=== Begin Enclosure ===
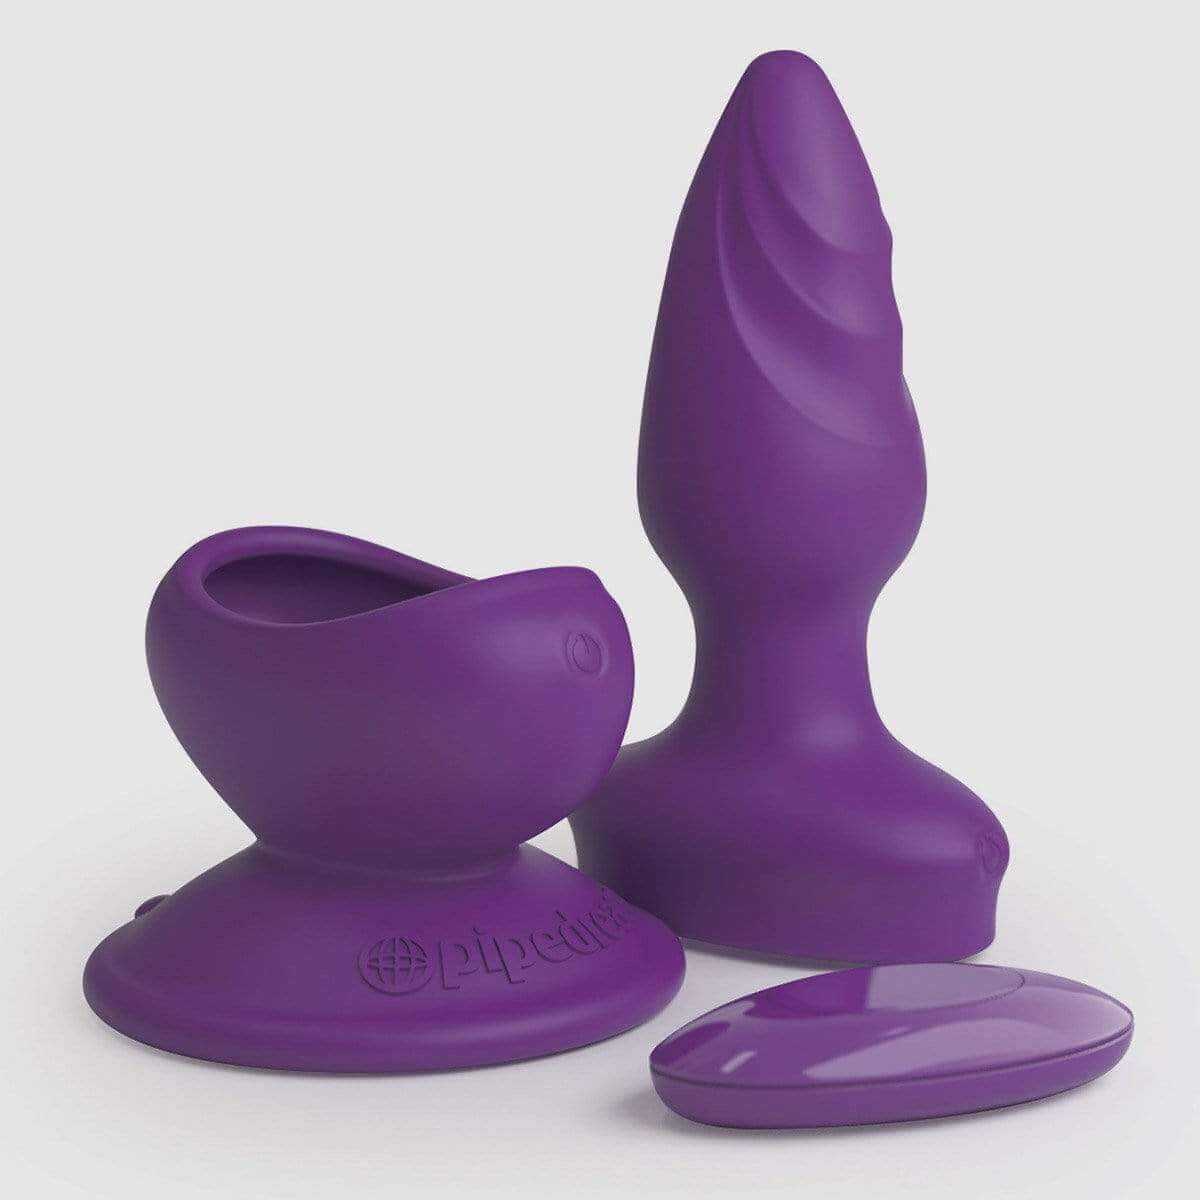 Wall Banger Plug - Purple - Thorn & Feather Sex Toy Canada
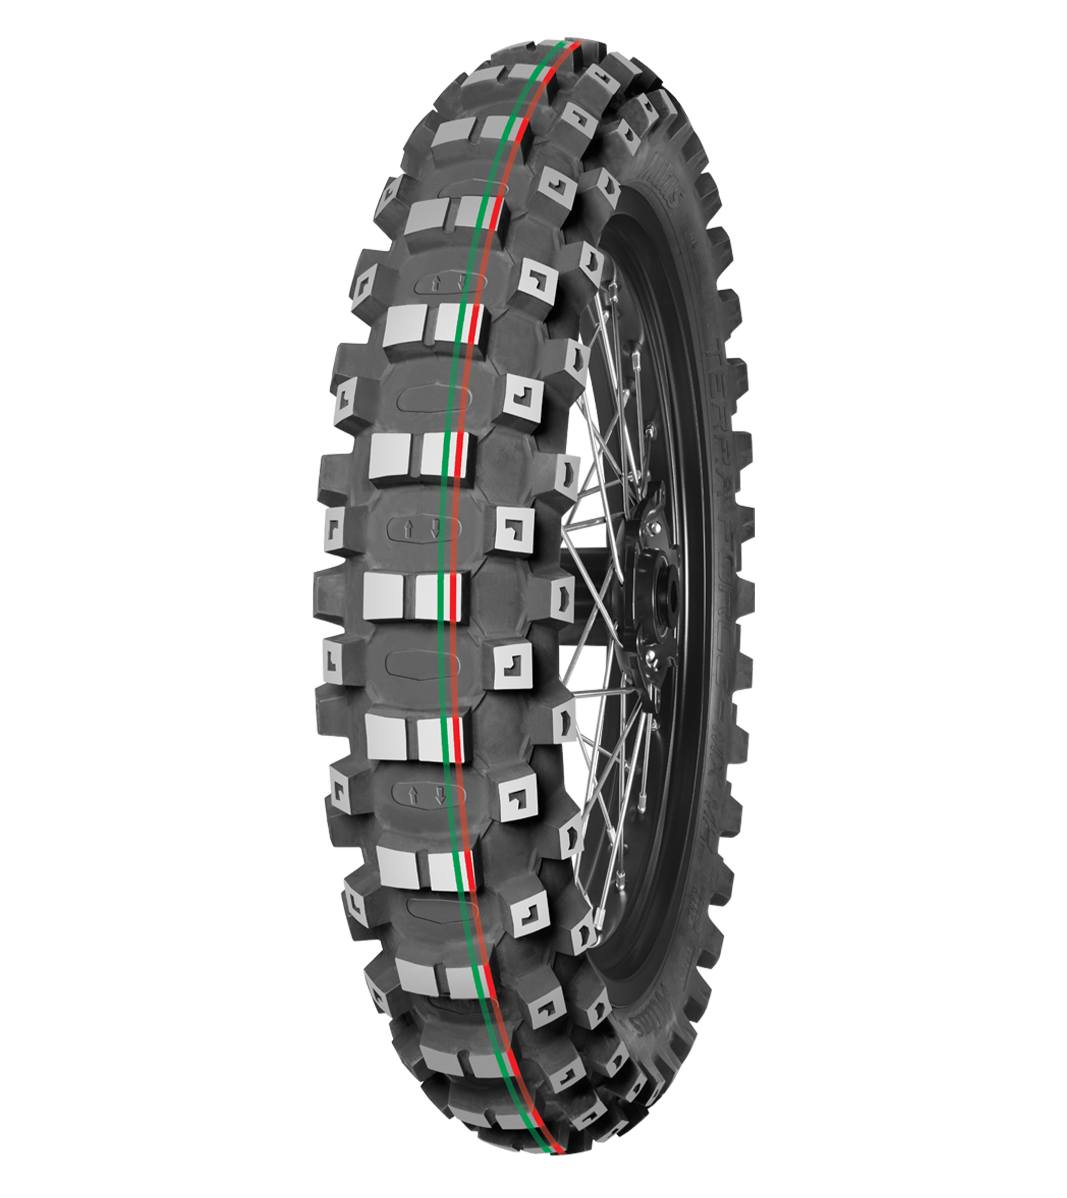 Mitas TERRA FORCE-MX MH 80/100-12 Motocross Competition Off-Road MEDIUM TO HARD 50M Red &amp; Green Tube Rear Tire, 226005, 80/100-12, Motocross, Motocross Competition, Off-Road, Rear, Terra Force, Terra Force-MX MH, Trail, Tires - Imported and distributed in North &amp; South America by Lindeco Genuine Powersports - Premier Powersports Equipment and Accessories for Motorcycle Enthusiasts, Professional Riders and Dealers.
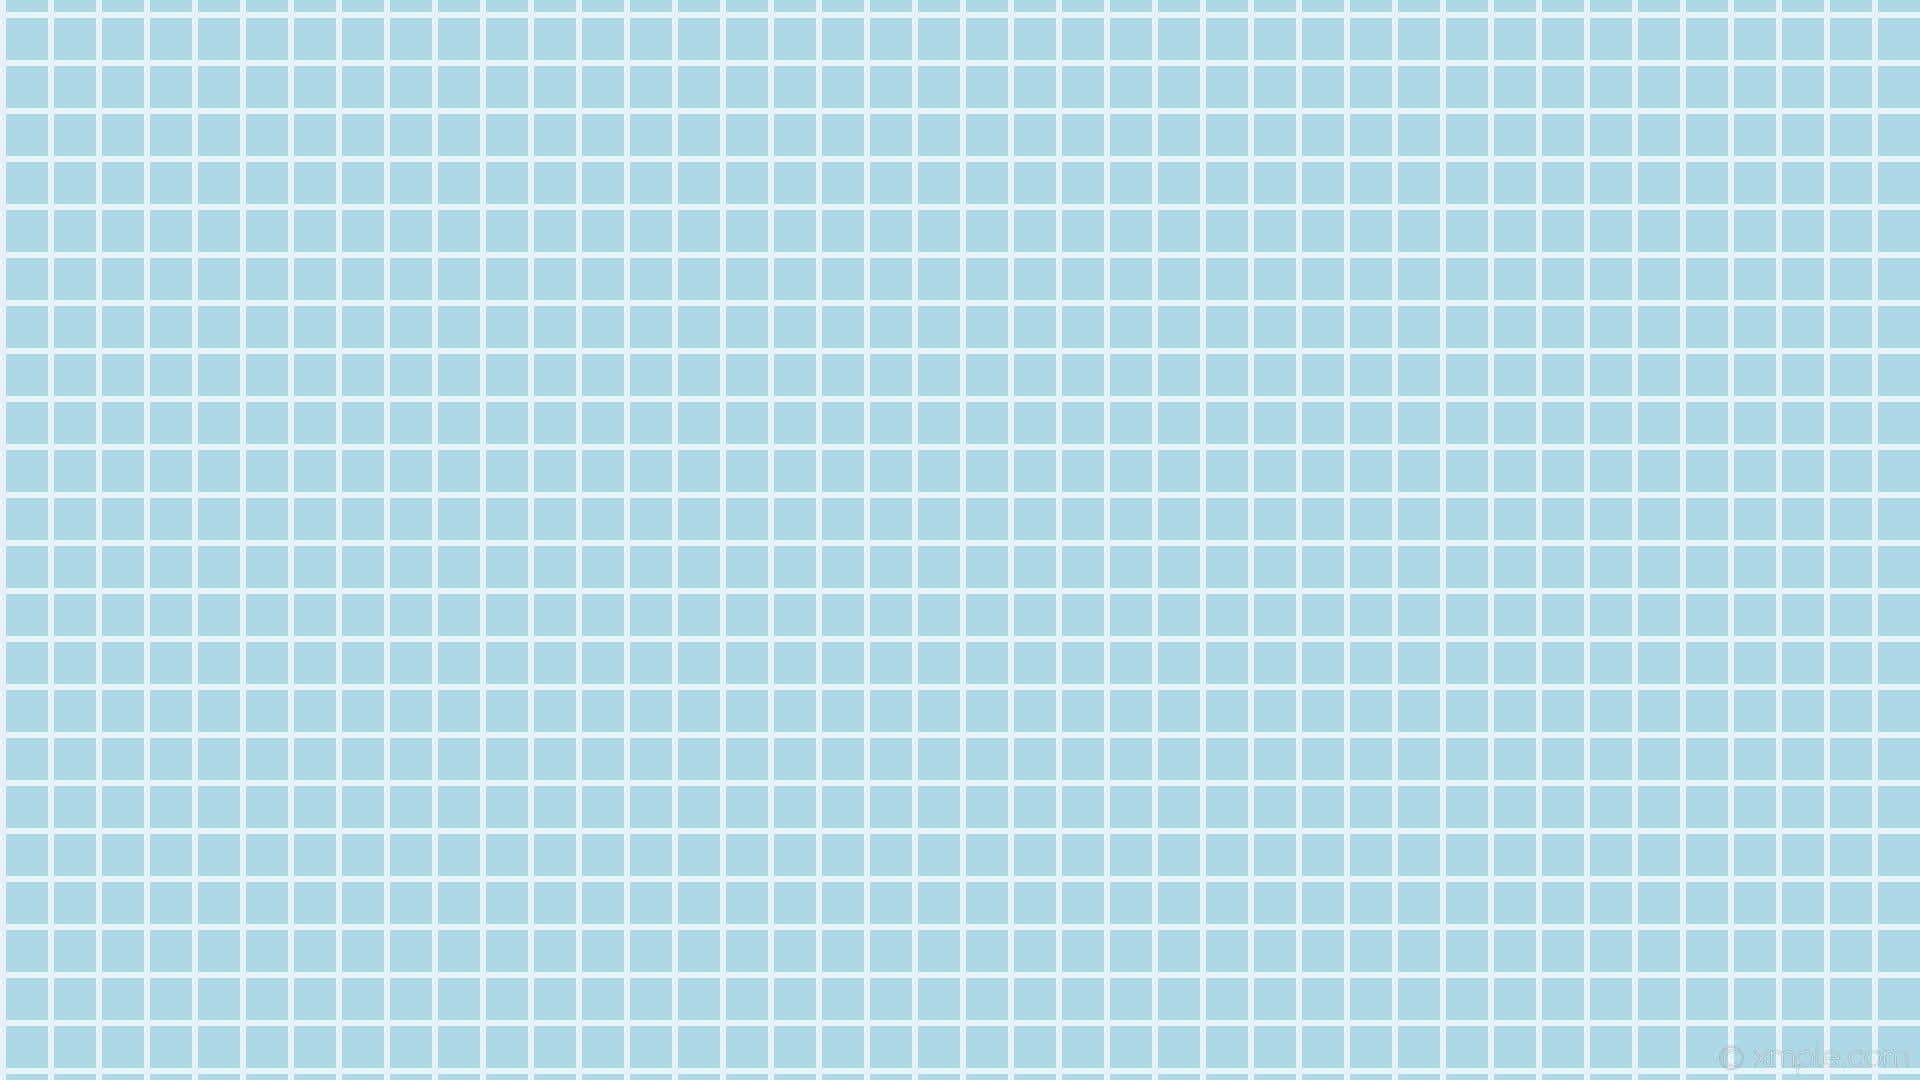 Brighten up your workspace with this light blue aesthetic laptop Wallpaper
=== End Enclosure ===
### [EXERCISE BRIEF]
Everything in the listing above except the pictures should be duplicated exactly.

### [ANSWER TO THIS TASK]
 Wall Banger Plug - Purple - Thorn & Feather Sex Toy Canada
 Mitas TERRA FORCE-MX MH 80/100-12 Motocross Competition Off-Road MEDIUM TO HARD 50M Red &amp; Green Tube Rear Tire, 226005, 80/100-12, Motocross, Motocross Competition, Off-Road, Rear, Terra Force, Terra Force-MX MH, Trail, Tires - Imported and distributed in North &amp; South America by Lindeco Genuine Powersports - Premier Powersports Equipment and Accessories for Motorcycle Enthusiasts, Professional Riders and Dealers.
 Brighten up your workspace with this light blue aesthetic laptop Wallpaper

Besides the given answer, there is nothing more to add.